The subjects were randomly assigned to 1) exercise with the American Heart Association anti-atherosclerotic Step 1 (AHA-S1) diet (E+D, n =12, 5 men and 7 women), 2) exercise without the AHA-S1 diet (EX, n =12, 6 men and 6 women), and 3) non-treatment control group (CON, n= 12, 8 men and 4 women). Both E+D and EX groups exercised 45 min a day at 70%VO2peak, 3 days a week for 12 weeks. All training sessions were closely monitored and supervised. In addition, subjects were required to 1) maintain regular habitual activities for daily living, 2) avoid participating in any new physical activity or exercise, 3) maintain preferred habitual diet, except for the E+D group, and 4) submit 7-day food-exchange records and weekly 24-hour dietary recall questionnaires for the entire study period. Satisfactory compliance with the study was defined as attended ≥ 85% of all exercise sessions and submitted ≥ 85% of food-exchange records for the entire study period.

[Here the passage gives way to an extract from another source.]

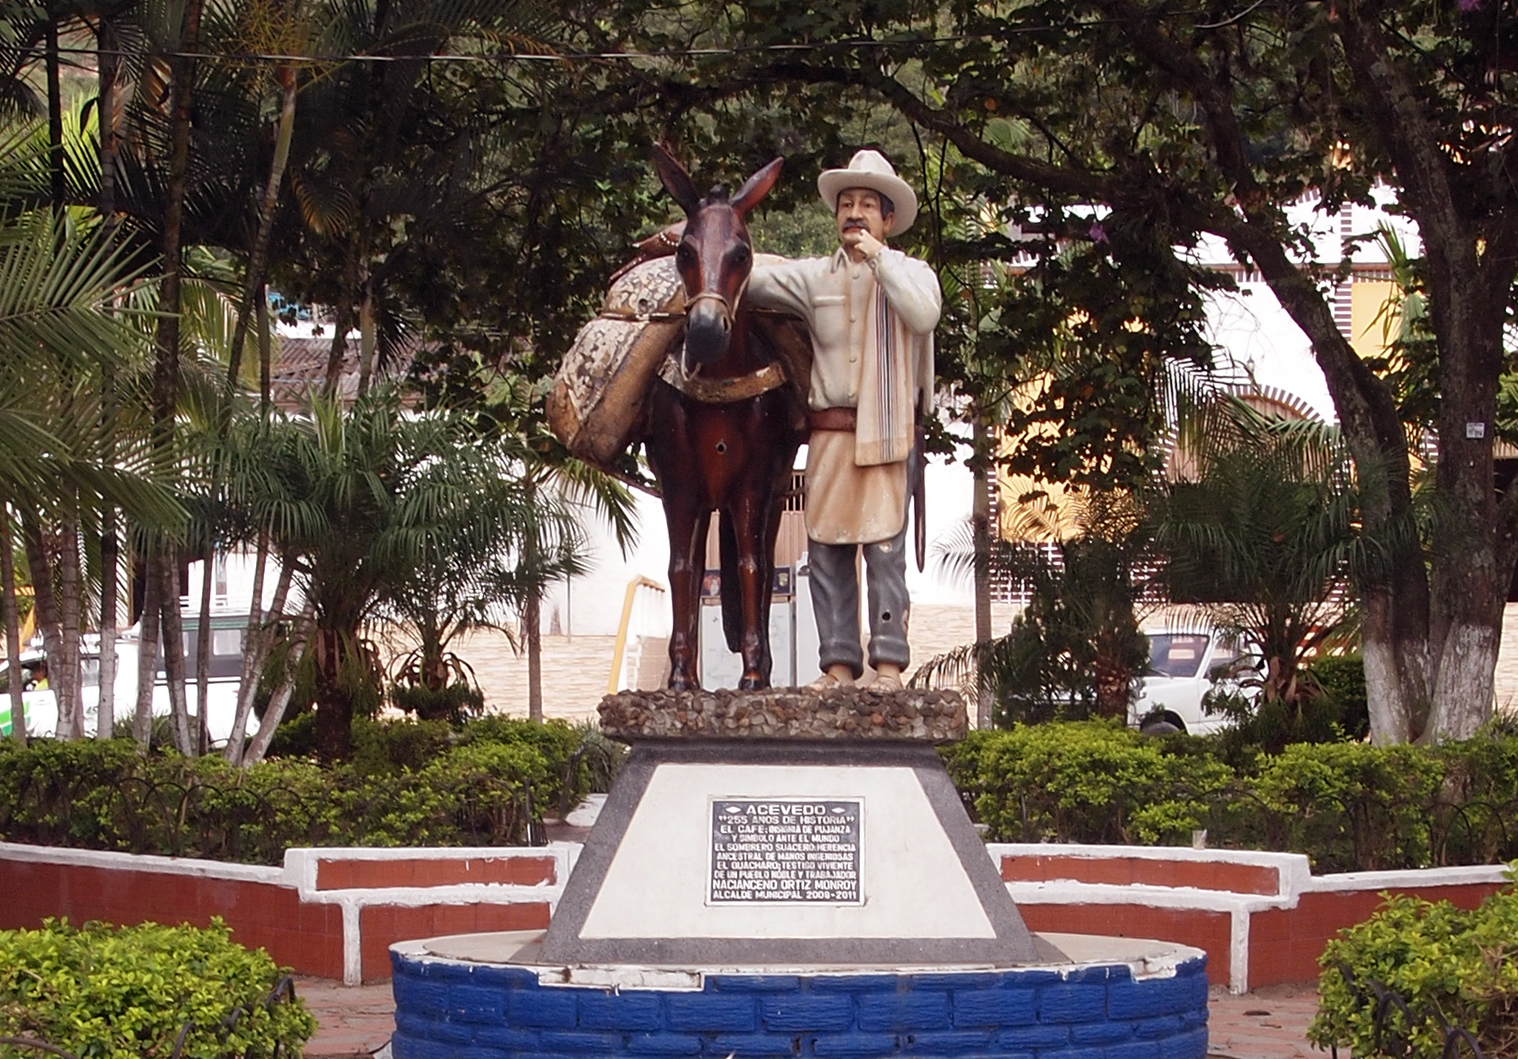 The plaza in Acevedo, Huila, Colombia, where coffee is bought and sold every day of the year.

The supervised cycling exercise regimen consisted of 45 min of indoor stationary cycling at 70% of VO2peak, 3 sessions a week for 12 weeks performed at the Exercise Physiology Laboratory. Prior to the beginning of the exercise training, a familiarization period was provided to the exercise groups at the first weeks of the study. This included 3 sessions of stationary cycling exercise at 70% VO2peak to ensure that the prescribed exercise intensity was attained and can be maintained for a 15-20 min period. The purpose was to minimize the risk of muscle soreness or injury. The duration of cycling exercise was gradually increased from 15-20 to 40-45 min per session during the second week at the intensity of 70% VO2peak. At the end of the familiarization period, the training subjects were able to complete the exercise regimen at the prescribed exercise intensity, duration and frequency throughout the remaining weeks of the study. To ensure that the required exercise intensity of 70% VO2peak was maintained, the E+D and EX subjects repeated the VO2peak cycling test every four weeks, and an updated cycling training work rate was calculated and used. The exercise training compliance rates for the E+D and EX were near 95%. There were no subject dropouts throughout the entire 12-week of study.

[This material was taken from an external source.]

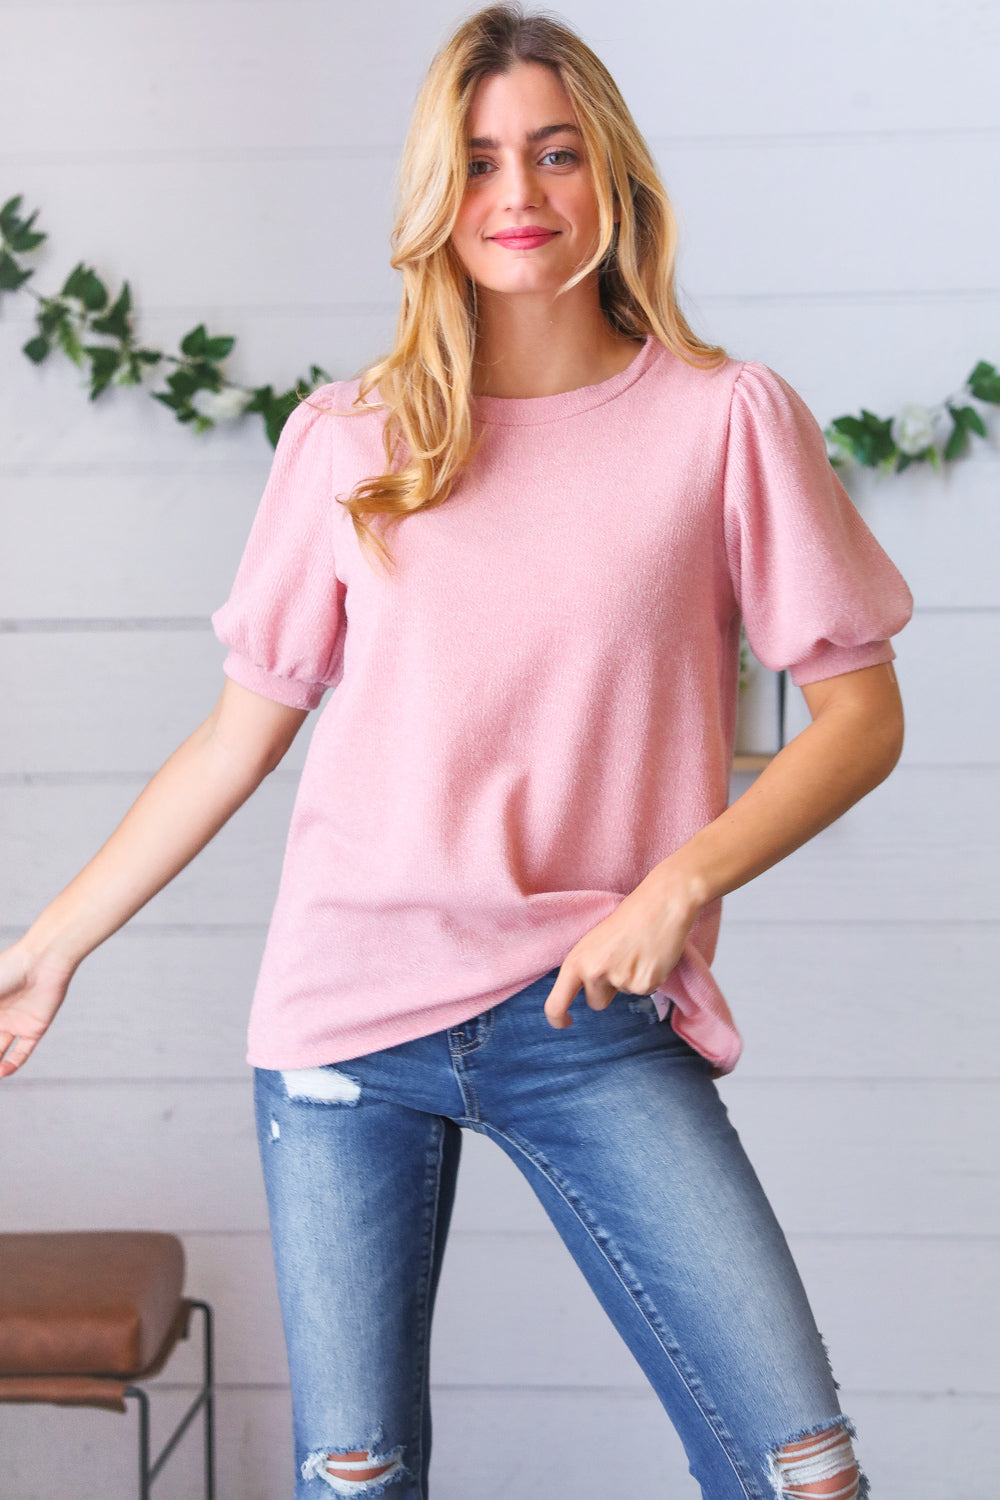 Baby Pink Puff Sleeve Two Tone Sweater Top - Sybaritic Bags & Clothing

Subjects in the E+D group were initially instructed to strictly follow the AHA-S1 Diet by a registered dietician and thereafter every four weeks by the same dietician to ensure that they closely followed with the AHA-S1 diet. During the study period, all meals were prepared and provided for the E+D group by the study. Their meals were served at the university’s cafeteria at no cost to the participants. The AHA-S1 diet meals were prepared by the university’s cafeteria staff. For the EX and CON, their personally preferred habitual meals were consumed at the university cafeteria or off-campus local food stores. The subjects were required to strictly follow their preferred habitual daily meals (Taiwanese, Chinese or Western-style foods) throughout the study period. In addition, the subjects were required to submit a seven-day food exchange record which was reviewed by the registered dietician to check for dietary compliance or attrition and omitted information.

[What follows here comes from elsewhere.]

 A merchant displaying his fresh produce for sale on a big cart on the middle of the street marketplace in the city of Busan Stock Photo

The AHA-S1 diet was aimed at preventing risk of cardiovascular disease (CVD) by lowering low-density lipoprotein cholesterol (LDL-C), total cholesterol (TC), and triglycerides (TG). The percentage of total daily calorie intake was <30% from dietary fat, <10% from saturated fat, 10% from monounsaturated fats, and up to 10% polyunsaturated fat. The total dietary protein and carbohydrate from the AHA-S1 diet was, respectively, 15% and 55% of total daily calories. Other dietary modifications in the AHA-S1 diet included dietary cholesterol < 300 mg per day, sodium < 2,400 mg per day, and fiber 20 to 30 g per day. The source of protein in the AHA-S1 diet includes plant or lean animal protein, and the source of complex carbohydrates includes vegetables, fruit and whole grains (https:// www.slideshare.net/heart.step.diet.plan/american-heart-association-step-1-diet).
Pre- and post-training outcome measurements included:
1. Visceral adipose tissue (VAT), subcutaneous adipose tissue (SAT) and total abdominal fat (TAF) were assessed using a magnetic resonance imaging (MRI, Sigma Advantage, Model 1.5 Tesla Signa Cvi, General Electric Medical System, Milwaukee, WI, USA). Briefly, subjects were examined in a supine position and all images were obtained using the radio frequency (RF) coil. A series of four spin echo T1 weighted transverse sections were obtained through the abdominal region. The parameters for the transverse series was: repetition time (TR) =300ms, time to echo (TE) =12ms, 256×128 matrix, 4 excitations (NEX), field of view 48 cm, slice thickness 10 mm, and inter-slice gap 10 mm. Calibration of the MRI instrument was performed daily prior to the study measurements. The MRI instrument and the phantom interception at the navel alignment in one centimeter and downward 19 centimeters with every other one centimeter, respectively, were cut once, altogether 20 slides were obtained (Figure 1a and 1b). After obtaining the scanned images, MRI image data files were analyzed separately for calculating subcutaneous adipose tissue and visceral adipose tissue. The abdomen subcutaneous fat was estimated using the mean value of 20 transverse cutting area. A single investigator (WPT) who was blinded to the subject group assignments performed all measurements and MRI image analyses.
2. Blood lipid concentrations including triglycerides (TG), total cholesterol (TC), high-density lipoprotein cholesterol (HDL-C), low-density lipoprotein cholesterol (LDL-C), and serum insulin concentration (IN) were measured by the Clinical Reference Laboratory following the National Clinical Laboratory Procedures and Standards at the Pingtung Christianity Hospital, Pingtung, Taiwan.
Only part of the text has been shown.